K-Nearest Neighbors is a simple and fast method mostly used for classification. In this method, the data point class is determined by k (k could be any number) most similar to data point examples.
Naive Bayes is a popular classification method that takes advantage of probability theory and Bayes’ theorem to determine the likelihood of a certain event (the email is spam) under the given conditions (the phrase “free loan” is found 20 times in the email).
SVM is a supervised machine learning algorithm, that is often used for classification tasks. It is able to effectively separate objects of different classes, even if each object has many interrelated features.
Ensembles combine many machine learning models and determine the class of an object based on voting or averaging the responses of each of the models.
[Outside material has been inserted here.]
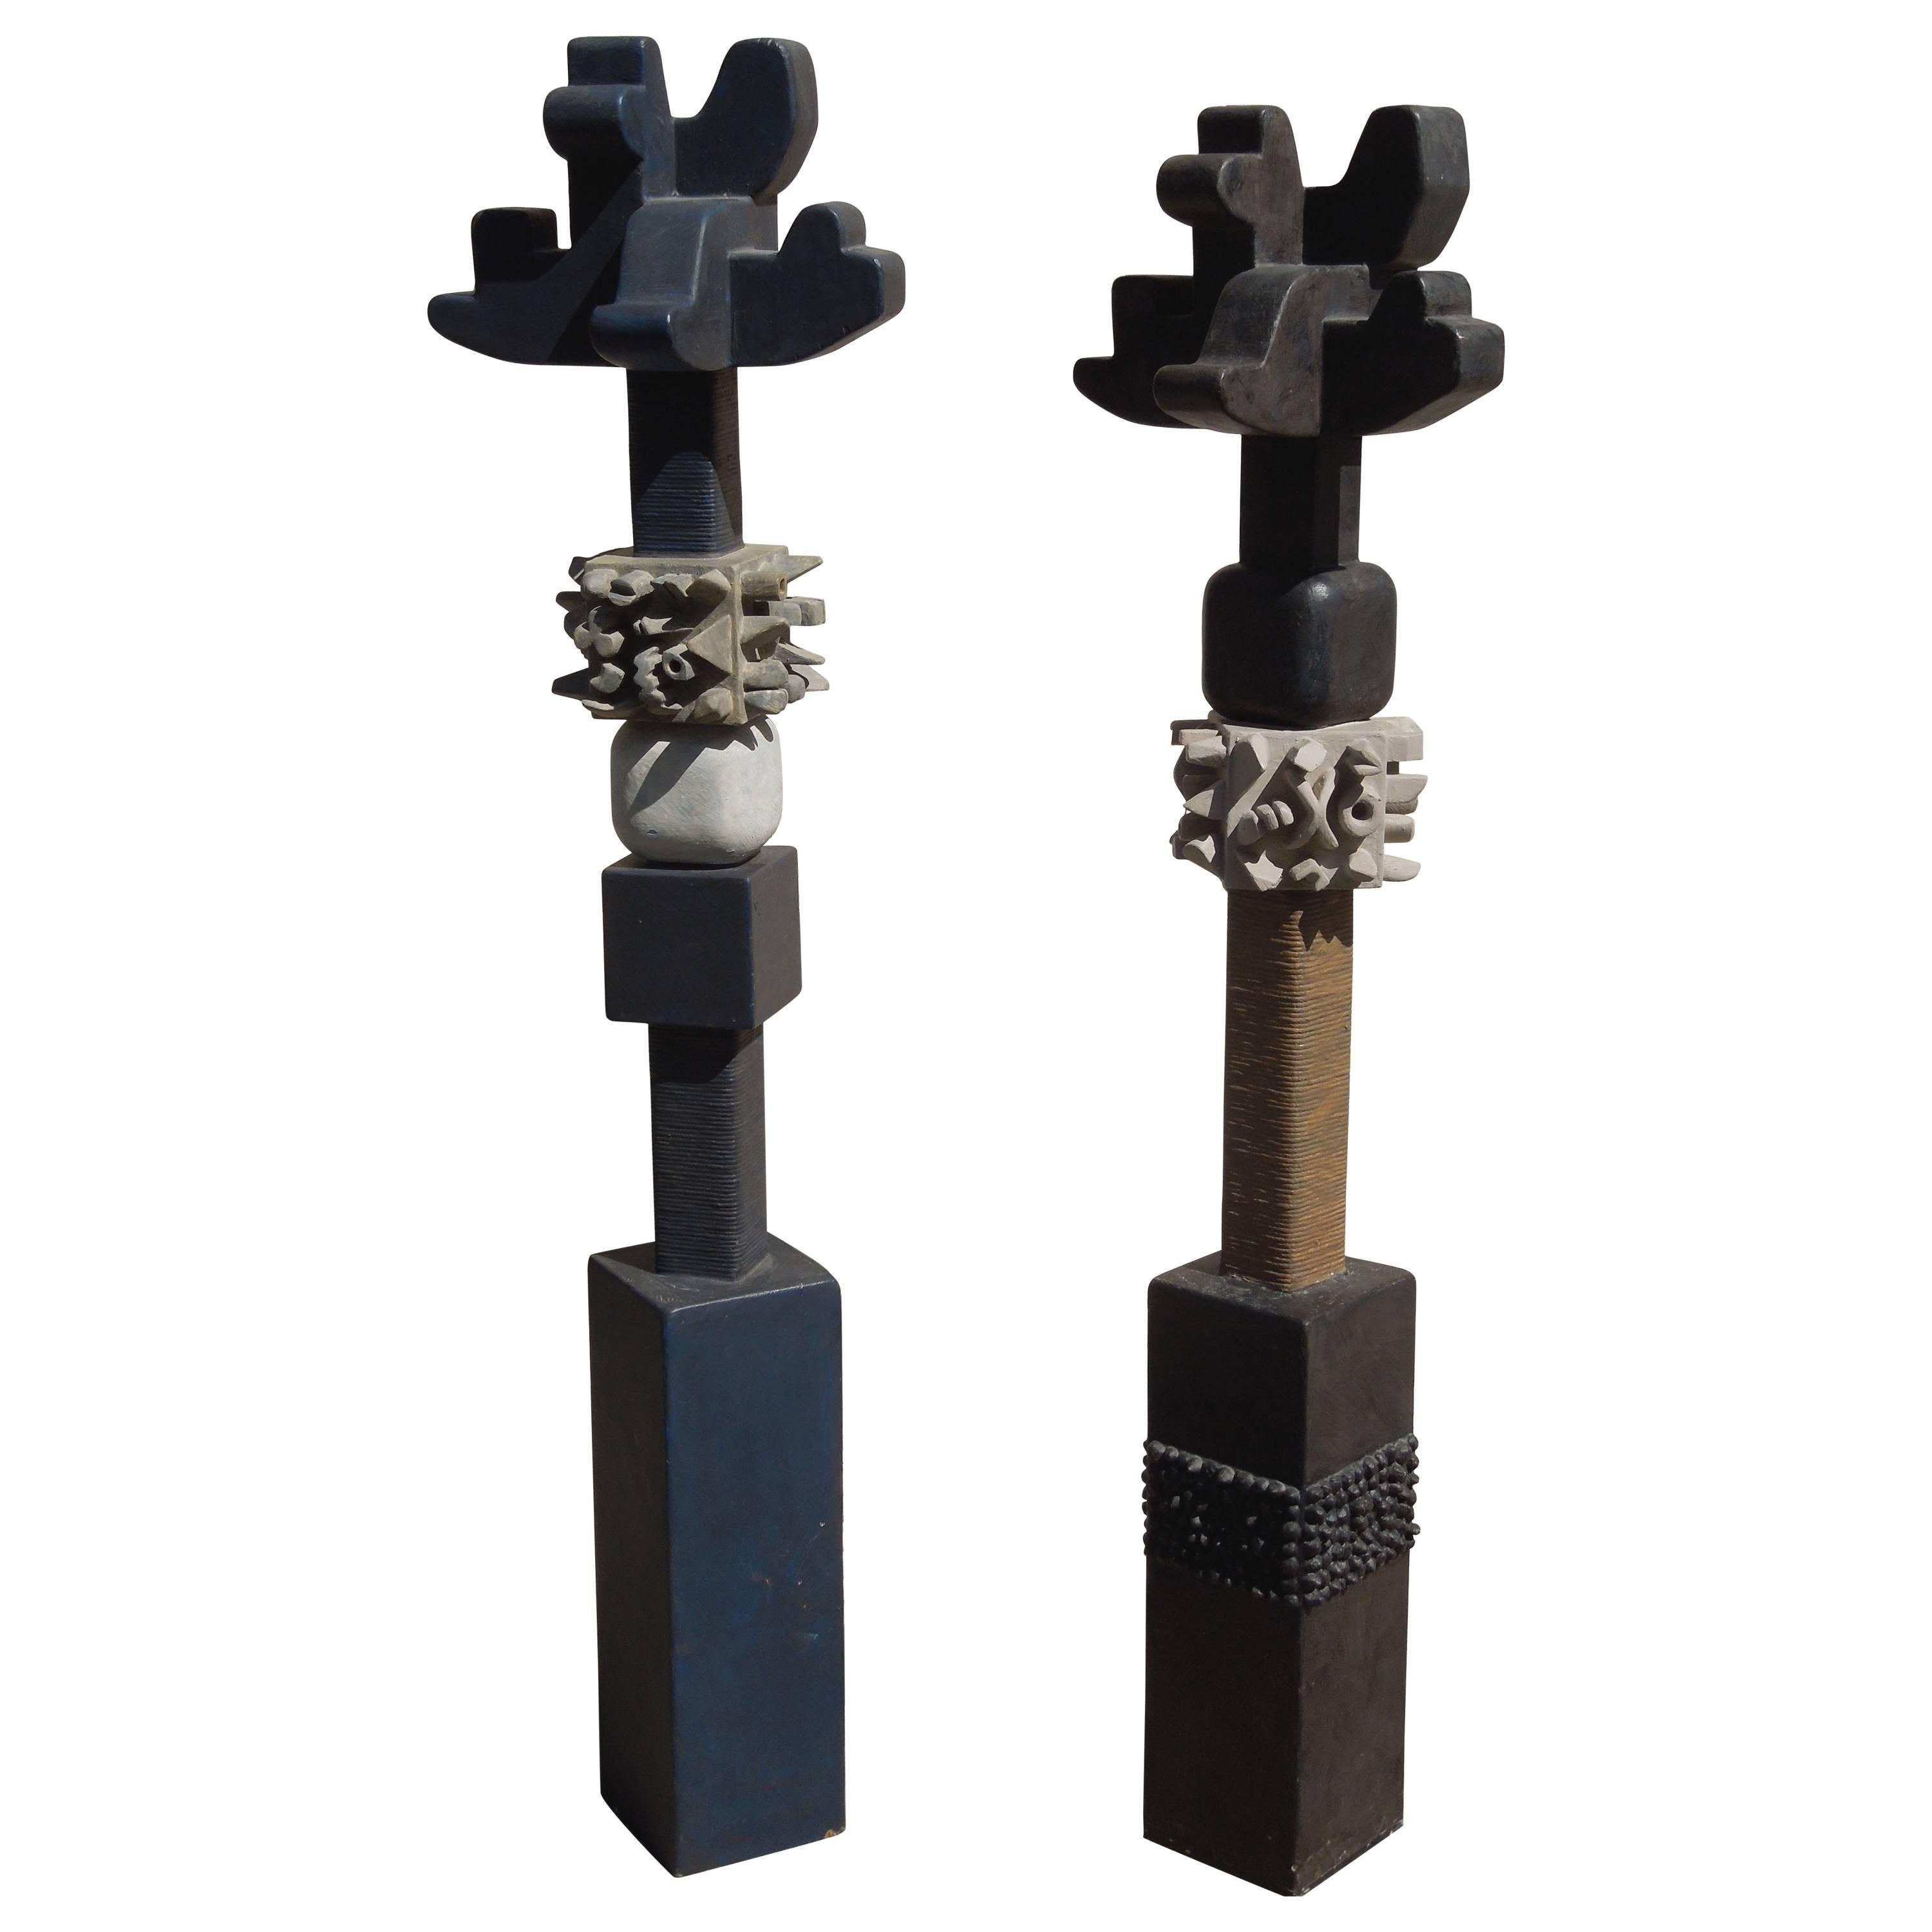 Pair of Rare Andy Nelson Modern Art Wood TOTEM Sculptures from Artist's Estate

Neural networks are based on the principles of the human brain. A neural network consists of many neurons and connections between them. A neuron can be represented as a function with several inputs and one output. Each neuron takes parameters from inputs (each input may have a different weight, which determines its importance), performs a specific function on them and gives the result to the output. The output of one neuron can be the input for another. Thus, multi-layer neural networks are formed, which are the subject of deep learning. We will talk about this in more detail.
Neuron structure diagram:
Artificial neural network with two hidden layers:
Studying given examples, the neural network adjusts the weights between the neurons so as to give the greatest weight to the neurons that make the most impact on getting the desired result. For example, if an animal is striped, fluffy and meowing, then it is probably a cat. At the same time, we assign the maximum weight to the meow parameter. So if the animal is not striped and not fluffy, but meows – it is still likely a cat.
Deep learning deals with deep neural networks. Opinions regarding the deepness may vary. Some experts believe that the network can be considered deep if it has more than one hidden layer, while others recognize the network as deep only if it has many hidden layers.
There are several types of neural networks that are now actively used. The most popular among them are the following:
Long short-term memory (LSTM) – used for text classification and generation, speech recognition, musical compositions generation, and time series prediction.
Convolutional neural networks (CNN) – used for image recognition, video analysis, and Natural language processing tasks.
So what is the difference between AI, machine learning and deep learning? We hope, having read this article, you already know the answer to this question. Artificial intelligence is a general area of automation of intellectual tasks (such as reading, playing Go, image recognition, and creating self-driving cars). Machine learning is a set of artificial intelligence methods that are responsible for the ability of an AI to learn. Deep learning is a subclass of machine learning methods that study multi-layer neural networks.